Week in My Life: Wednesday

This week I’m trying to blog every day as part of the Week in My Life series.



Getting out of bed this morning, I notice how quiet it is. The boys are still asleep. As I’m starting to heat their breakfast soup in the kitchen, Daniel wanders in, his Lightning McQueen pajama pants dragging on the floor, his eyes barely open. When he sees that I am about to start packing lunches, he springs into action.
The only thing easier than packing lunches with your almost-4-year-old’s help is packing lunches without his help, but he’s so cute digging through the cabinets to find the chips he wants to take today. So I stand back and figure it will get done eventually.
Somehow it does.
Lunch pictures are drawn (Baba does them today), bags are packed, though we forget Leo’s water bottle. We have a long discussion over whether the sweatpants Leo is wearing for gym meet the guidelines. I decide they don’t, but the ones that we bought that do comply are too big. So illegal pants it will have to be, and thank goodness it’s kindergarten when the students are not held accountable and the parents are.
On the way to the car the boys stop to admire the small skeleton I bought to hang on our mailbox. I couldn’t get a good picture of it since it was so much fun to swing around, but I think we will get our $3.99 worth out of it. The Cat in the Hat seems to like it, too.
Then we head to the car.
Since we moved into our house not even a month ago, the back of the minivan is full of stuff that still needs to find a home. One of those things is an enormous stuffed Sprite can. Today it’s all the rage. Both boys want to play with it, and sharing it is hard. Eventually they position it exactly between their seats.
We drop Leo off at school and I shiver watching him climb the steps without the sweatshirt that I force him to carry in his backpack. Then Daniel and I are off to preschool, where he wants to take the Sprite can in to show his teachers.
Sometimes you fight battles.
Sometimes you just negotiate different terms.

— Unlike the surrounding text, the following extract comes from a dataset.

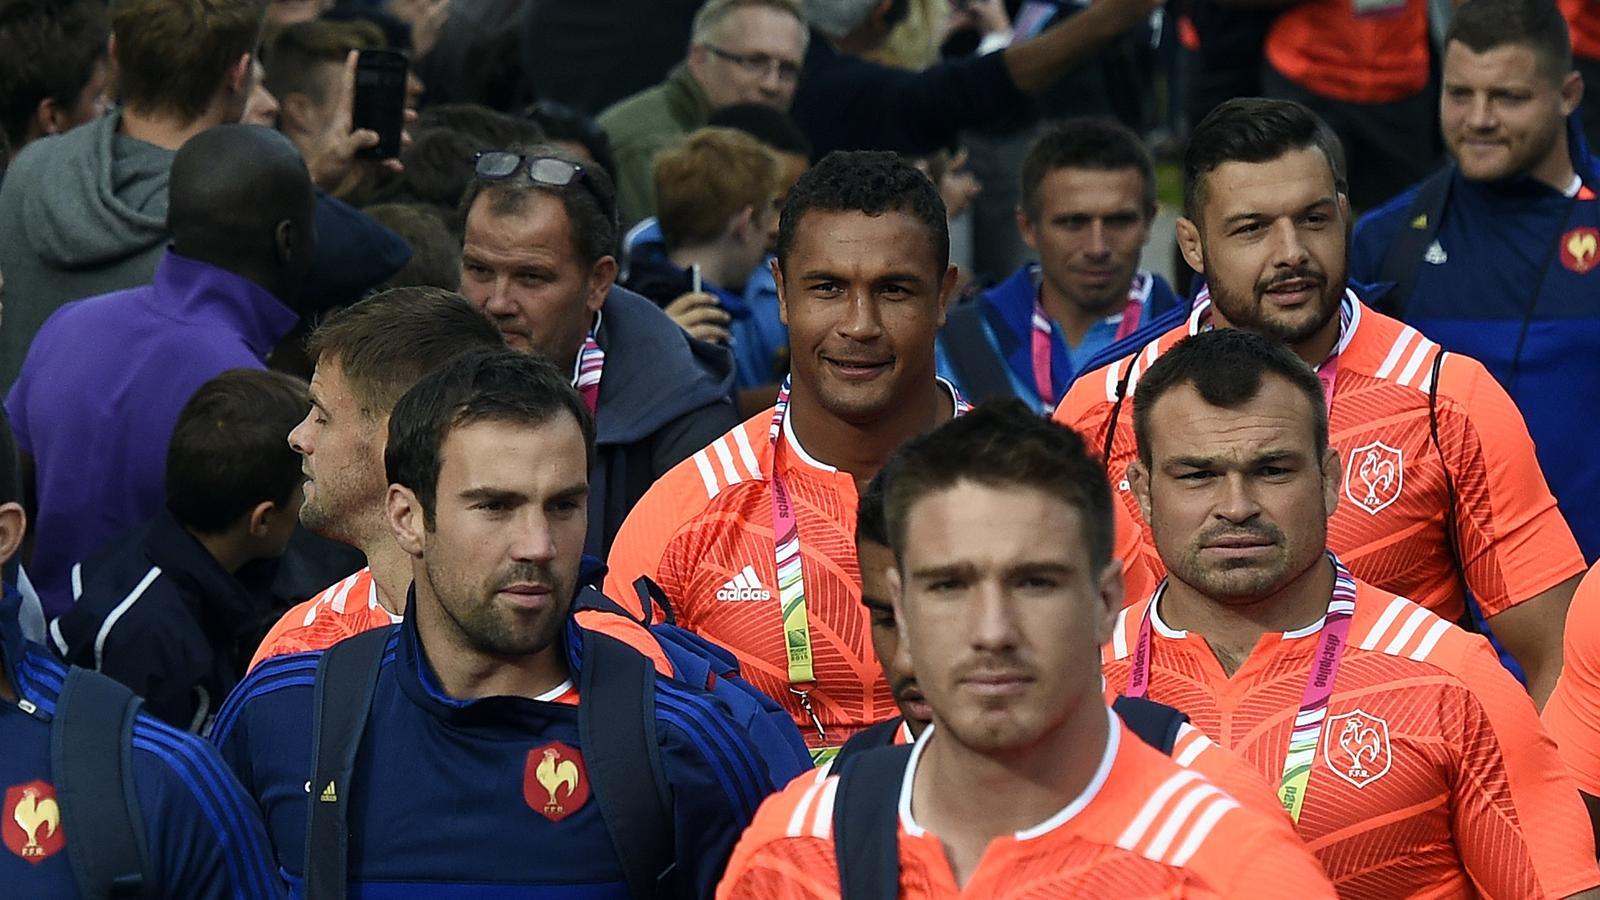 Thierry Dusautoir et les joueurs du XV de France - 13 septembre 2015

“You can take it in to show them, but Mama is bringing it right back to the car. It’s too big for school.” He agrees and we head into school.
The teachers’ smiles grow even warmer and wider when they hear the Sprite can isn’t staying.

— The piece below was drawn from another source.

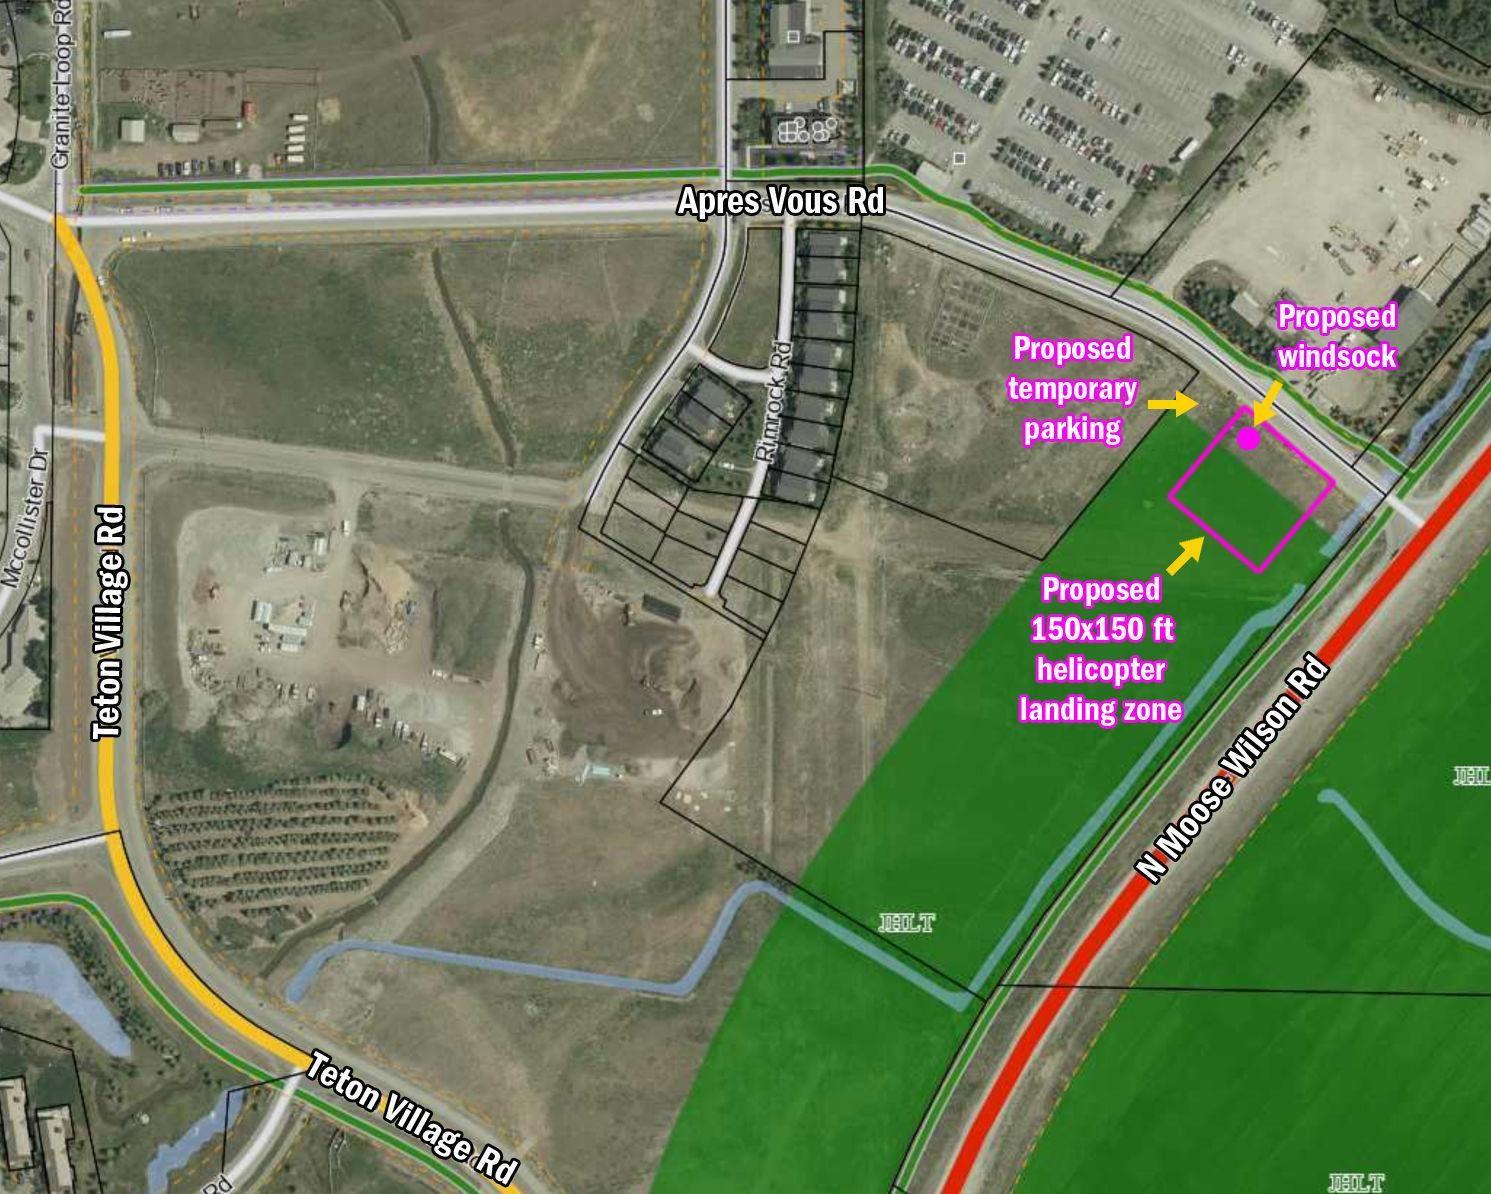 Emergency helipad proposed for Village Jackson Hole News

No one will ever say Daniel isn’t determined.
I wave goodbye to Daniel and head to work. At the office we have a lot going on with talk about Gen. Colin Powell’s visit. I am writing a story about his lecture while also hearing back from students for the second story I want to write.
Because Daniel doesn’t seem to like anything I pack in his lunches—probably because he has a cold—I run to the store at lunchtime and buy hard-boiled eggs and string cheese and cold, cooked chicken nuggets. It’s hard to imagine that he’ll eat them cold, but it’s worth a shot.
The day flies, as it always does, and just before 5, John calls and offers to pick up dinner. I have leftovers I could reheat, but they will still be good the next night. And the boys adore Chinese food. I say yes and head out to pick up Daniel, who is helping his teacher move a cart into a closet when I arrive. Together we go to get Leo.
We’re saying goodbye to Leo’s aftercare teachers when one of them says, “Oh, don’t forget his box.”
His box?
Could it be?
It is! His box of wrapping paper from the fundraiser is sitting there waiting for us.
I’m stunned and relieved—and I say so, while thanking this very kind, competent person who is both capable of taking excellent care of my son, and also savvy enough to know that the parents of the children in her program would be unable to get to the school between 2:30 and 3:30 on a weekday with one day’s notice.
I’m not sure why that couldn’t have been communicated in that same message (“If your child attends aftercare, your wrapping paper will come home with him”). But it doesn’t matter. The saga has come to a close, and the wrapping paper is home.
Sitting at our kitchen table we enjoy the won ton soup, cooked sushi, lo mein, and other dishes John brought home.
We open our fortunes and Daniel’s (at the bottom) is the best. Leo’s is just above his, and John gets the “intellectual” one.
Leo finishes his kindergarten homework, which is all about syllables (which I think we covered in fourth or fifth grade), and draws an extra snow walker (from Star Wars), writes “snow walker,” and writes “3” for the number of syllables. I hope he gets the “bonus” points his teacher offers. Then he flips through magazines to find three C pictures to cut out.
Tomorrow night he will write the words.
It’s Wednesday night, so the boys are exhausted. They seem more tired every day as the week goes on.
We read books separately tonight, something we do occasionally to give each of them special one-on-one time. While Leo and I are reading Pete the Cat: The First Thanksgiving, he points out a lift-the-flap that tore and shows me how he glued it on his own. I’m impressed. Then we come to the last page where the cats list things they are thankful for.
“What are you thankful for?” I ask Leo, who’s snuggled under his Star Wars Angry Birds comforter.
“That God is alive,” he says. Then he rolls over to go to sleep.
It’s a good answer. And it makes it hard to worry about wrapping paper.